Out of the 69,117 threads active last year, 1,154 had earlier start dates. Out of these, about 110 were started in the year 2000. That’s a pretty small percentage, but it’s evidently enough to pull the correlations significantly downward.
Lifespan, as I’ve used it here, is simply the number of days between a thread’s OP and its last post. Discarding outliers doesn’t really change the correlations that much, though. Roughly 90% of all threads “live” for one week or less, and the correlation between lifespan and either views or replies in this range is only around 0.55 to 0.6 or so.
As you wish. All this work is based on the same Excel file I’ve linked to above, ThreadLife.xls (3.5 MB .ZIP file).

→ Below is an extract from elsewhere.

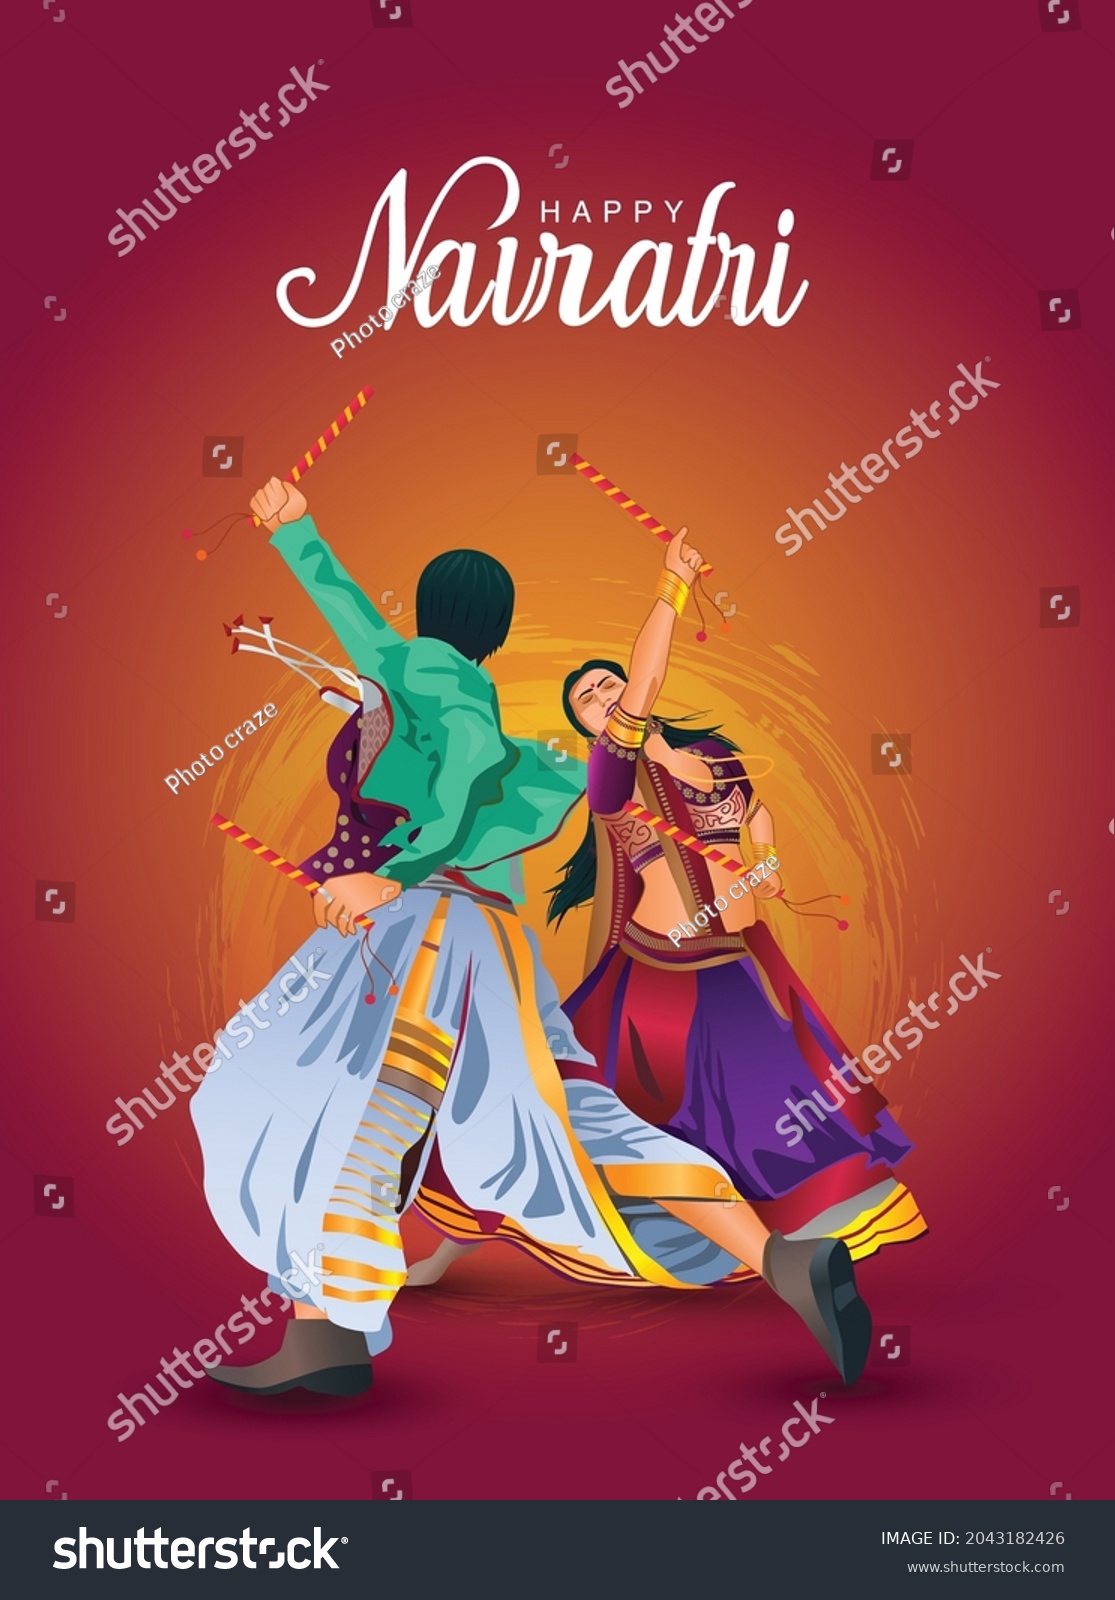 SVG of Garba Night poster for Navratri Dussehra festival of India. vector illustration design  of couple playing Dandiya dance. svg

Incidentally, one reason I had to throw away outliers for my original scatter plot was because the most-viewed thread (the LotR one, of course) has about 10x the hits as the second-place thread in the sample, and plotting it would just push every other data point into a tiny corner. But then I realized that this is exactly what a log-log chart is good for, so here it is, with all outliers intact (it’s still sampled down from the 69k+ original threads, though, because Excel can only handle up to 32,000 data pairs on a x-y chart). The general shape tapers to a point, and I haven’t thought about whether this has any meaning or not.
Hm, have we moved away from Chairman Pow’s original question?